My Healthy Habit with Juice Plus – Start Day Round 2

In November I decided to start the Juice Plus Diet but on the same day that I started we were bombarded with concerns for P3s weight gain, or lack of and as I was breastfeeding I decided not to start my diet just yet. When our breastfeeding journey came to an end I made the decision to start the Juice Plus diet in January. Well it’s now day three of my Juice Plus diet.

I’ve had so many people tell me that I don’t need to diet but I really do! For myself more than anything. I need to be healthier, happier, more energised and most importantly to me, I need to be able to wear my clothes in confidence. I’m heavy now than I was a year ago and I do completely understand that I’ve had a baby in that time but it’s now time to focus of being me again. I don’t want to be a cuddly mummy, I want to be the slim Jodie I have been my whole entire life!

starting stats

I recorded my starting day stats on the 1st January which really confirmed and has given me the motivation.

Weight: 46.2 kg (7st 4lbs)
Hips: 32.5in
Waist: 28.5in
L thigh: 20in
R thigh: 20in
Tummy: 31.5in
L arm: 11in
R arm: 11n
Bum: 35in

The diet follows this plan:

Weeks 0-8 = 2 shakes + 1 healthy meal + 2 snacks per day

Weeks 8-14= 1 shake + 2 healthy meals + 2 snacks per day

Weeks 14-16 (and onwards) = 3 healthy meals + 2 snacks per day

I’ve chosen a mix of chocolate and vanilla shakes to shake things up a little bit. With regards to what foods I should and shouldn’t be eating, I’ve got a huge list. 20% of my daily food should be meat and 80% fruit & veg. I’m not allowed to eat wheat, dairy (which means the shakes are mixed up with either soya, rice, almond or coconut milk), processed food, alcohol and sugar.

At the moment I’m not fully following the food part of the plan mainly because we haven’t been food shopping properly since before Christmas.

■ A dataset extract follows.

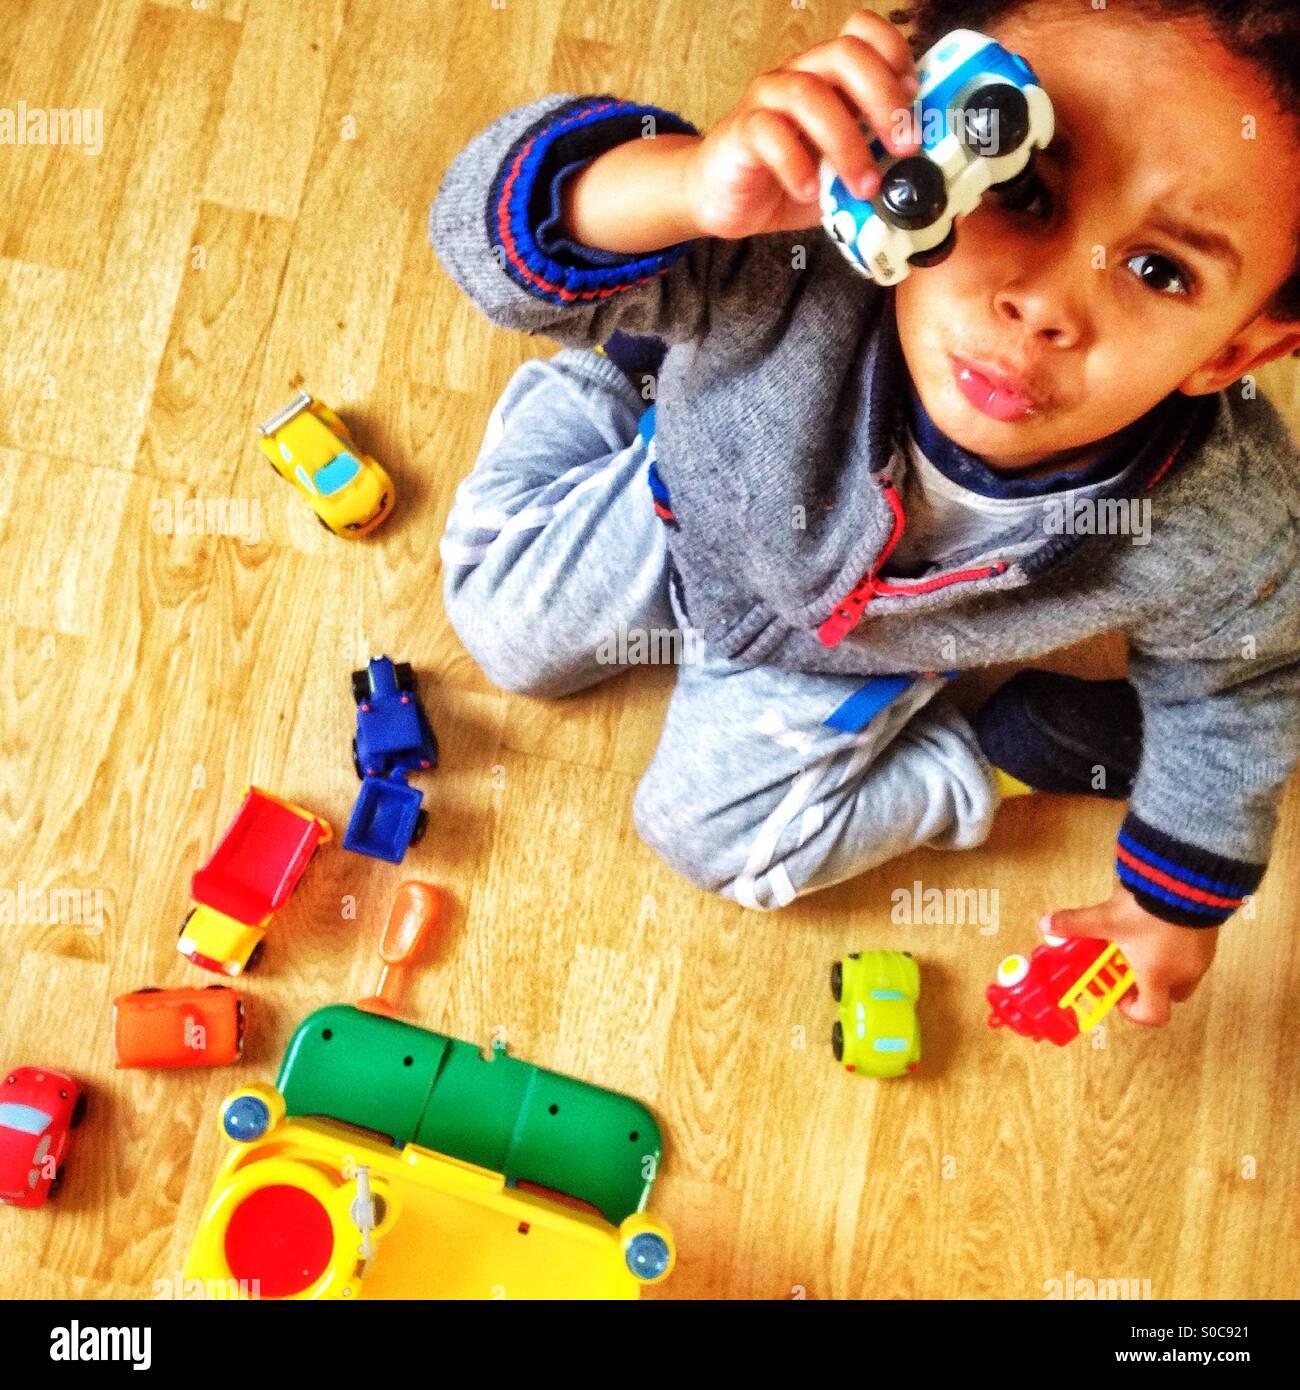 Niño jugando con sus juguetes. Imagen De Stock

So I’m just cutting my portion sizes down.


I’ve been having a chocolate shake mixed with skimmed milk for breakfast and a vanilla one for lunch. My first meal was chicken pie, potato mash with carrots. Then on day two I had one jacket potato with cheese, normally I’d finish the girls too but I have refrained. I’m also not having snacks in the day which I’ve found quite tricky.

The main thing I’m struggling with is the frothiness of the shakes. It makes it quite difficult to drink. I’m making a point to only have my shakes and dinner when I’m actually hungry. I find lunch times a struggle as my family tuck into their foods and I’m sat with a glass of Juice Plus shake. Today, we ran out of milk so I didn’t have my breakfast shake and had a small portion of lunch at lunch time as P1 and P2 weren’t here so it was a sort of chilled day with just P3.


I plan to post pictures each week because I think it will help me to see my progress and help others see too. I want to succeed at this weight loss so badly.

It’s time to say goodbye to this body!!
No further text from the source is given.